Favorite Things 2011: Jared Schickling

12.27.11

Dear Michael,

Hmmmm… a list of my favorite paper things read this past year (what is or was or will prove to have been or be 2011). I’ve never made such a list so maybe I went a little overboard, and looking at the small stack here, I’m wondering if any were published this year. The criteria I made for inclusion was simple: the enjoyment I received from the work, that it was actually read during or after January 2011 (this ruled out many great works I would otherwise have included), and perceived forms of contemporary relevance. I’ve included some notes here and there. Most of these were new to me, but some keep re-occurring; most were read during the first six months of the year, go figure.

Chicka Chicka Boom Boom by Bill Martin Jr. and John Archambault, illustrated by Lois Ehlert (Simon & Schuster, 1989)—an almost mystical consideration of sound and noise in the form of a melodic introduction to linguistics for pre-linguistic learners (i.e. a kid’s book).

Bacacay, stories by Witold Gombrowicz, trans. Bill Johnston (Archipelago Books, 2004)

Ideas in Context, ed. Joseph Satin (The Riverside Press, 1958)
Paths to the Present: Aspects of European Thought from Romanticism to Existentialism, “Readings chosen, discussed, and edited by EUGEN WEBER” (Dodd, Mead & Co., Inc., 1960)
British Poetry and Prose vol. 1: From Beowulf to Blake, ed.
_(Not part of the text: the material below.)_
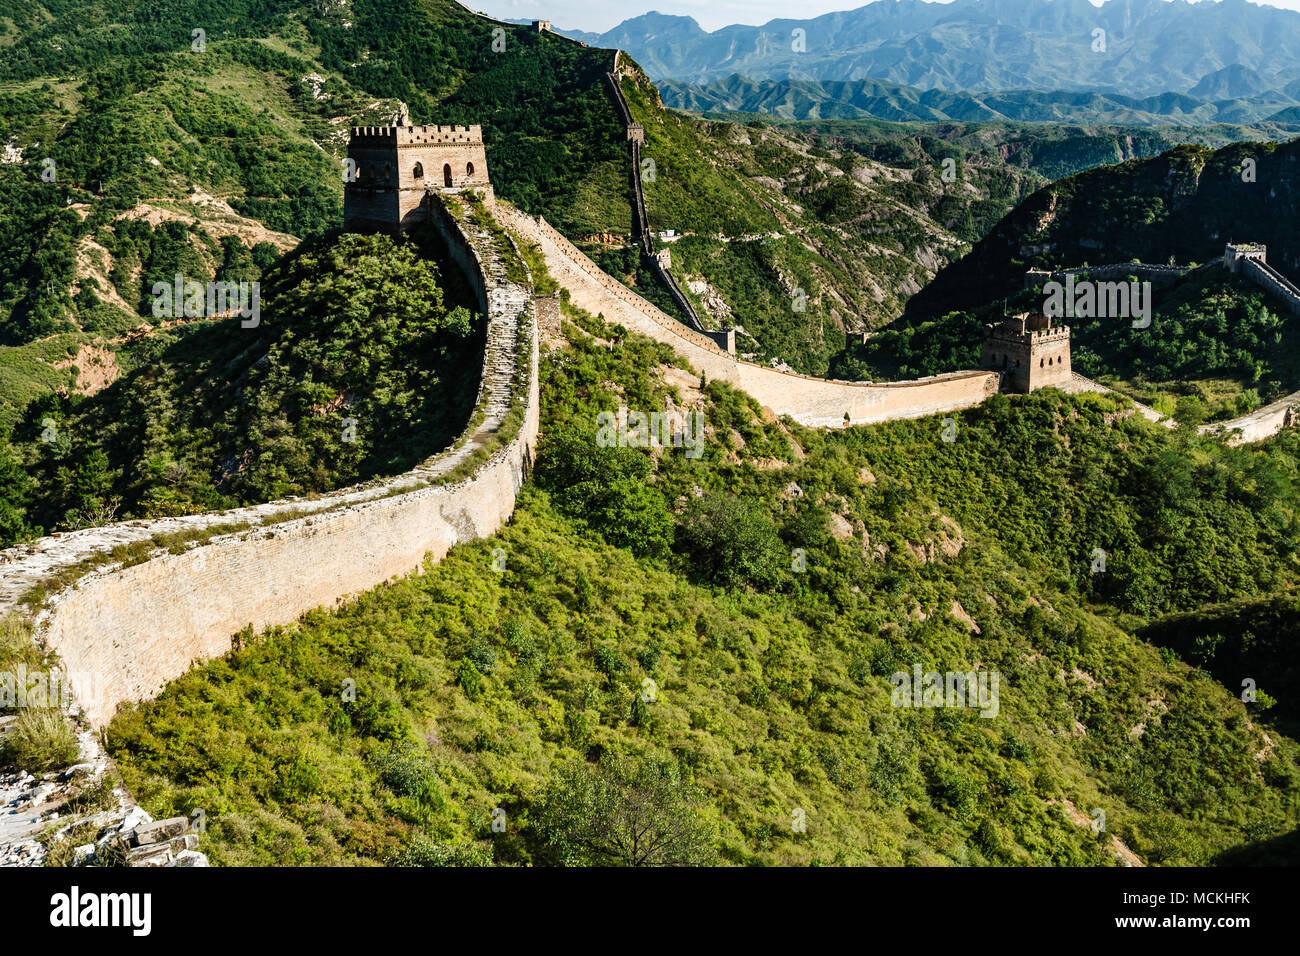 Die antike Straße an der Oberseite der Großen Mauer von China nach einem alten Turm, die an der Berge und grüne Landschaft Stockbild
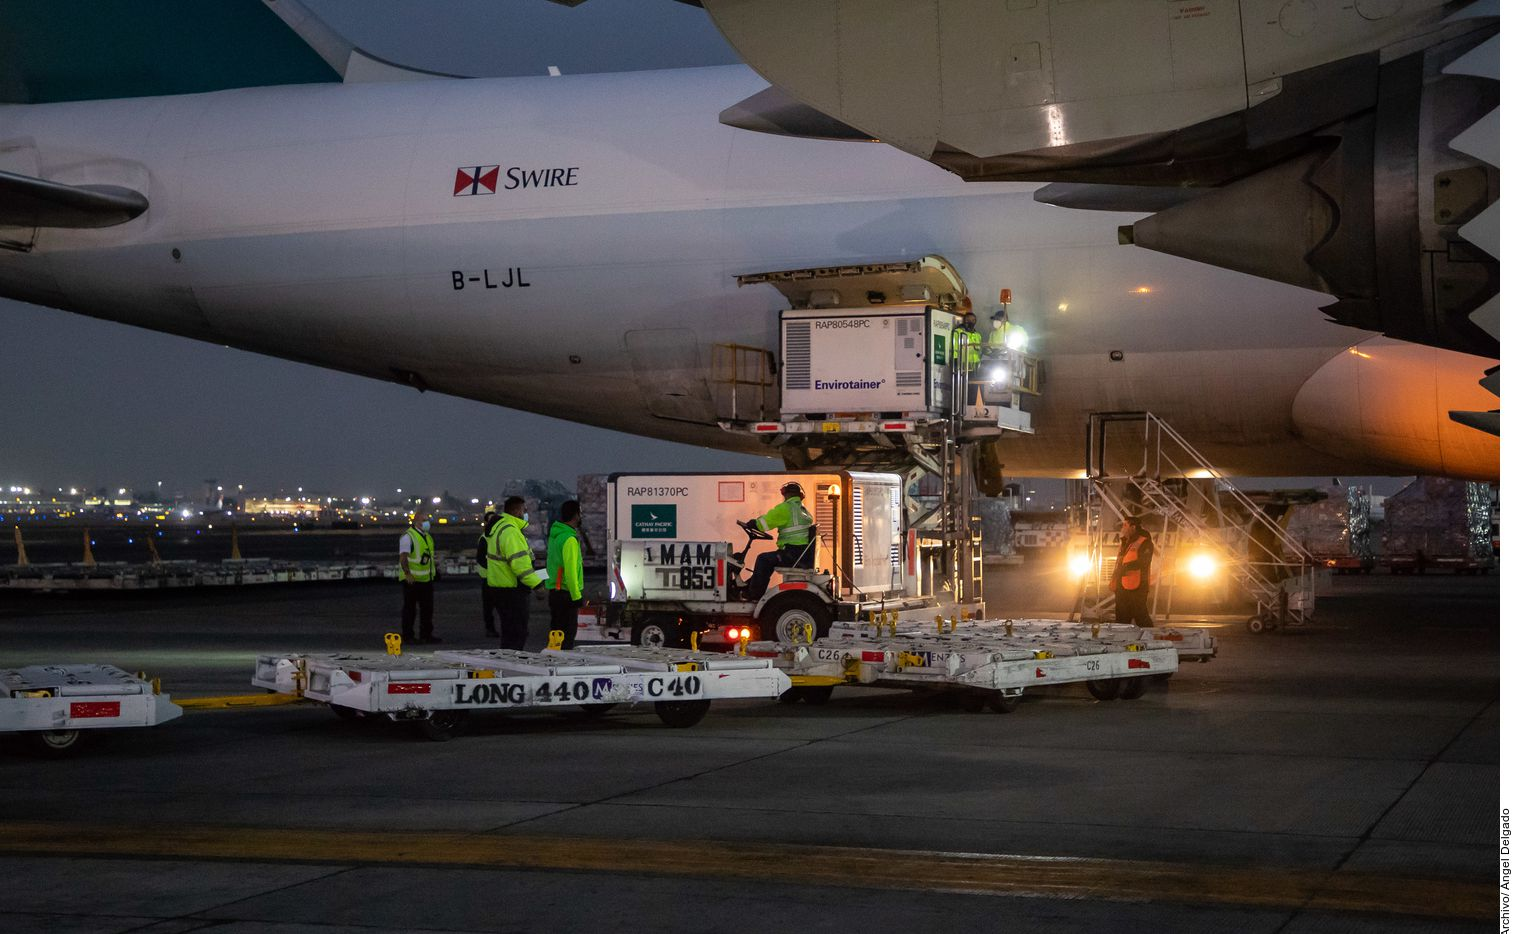 Un millón de dosis de la vacuna de Sinovac contra el Covid-19 arribaron el 17 de marzo al Aeropuerto Internacional de la Ciudad de México provenientes de China.

Paul Robert Lieder, Robert Morss Lovett, Robert Kilburn Root (The Riverside Press, 1950)
A Children’s Garden of Verses by Robert Louis Stevenson, illustrated by Alexander Dobkin (The World Publishing Company, 1946)
[All four of these books were found on the bounteous free shelf at the town dump in Farmington, Maine, next to an unused pair of aluminum crutches.]

The Life of the Mind by Hannah Arendt (Harcourt, 1978)

Flux, Clot & Froth by John Bloomberg-Rissman (Meritage Press, 2010)

So It Seams by Chuck Richardson (BlazeVOX [books], 2010).

The 60’s and 70’s from “The Theory of Subjectivity in Moby-Dick” by Deborah Meadows (Tinfish Press, 2003)—I’m a sucker for great works on Melville.

Shaved Code by Frances Richard (Portable Press at Yo-Yo Labs, 2008)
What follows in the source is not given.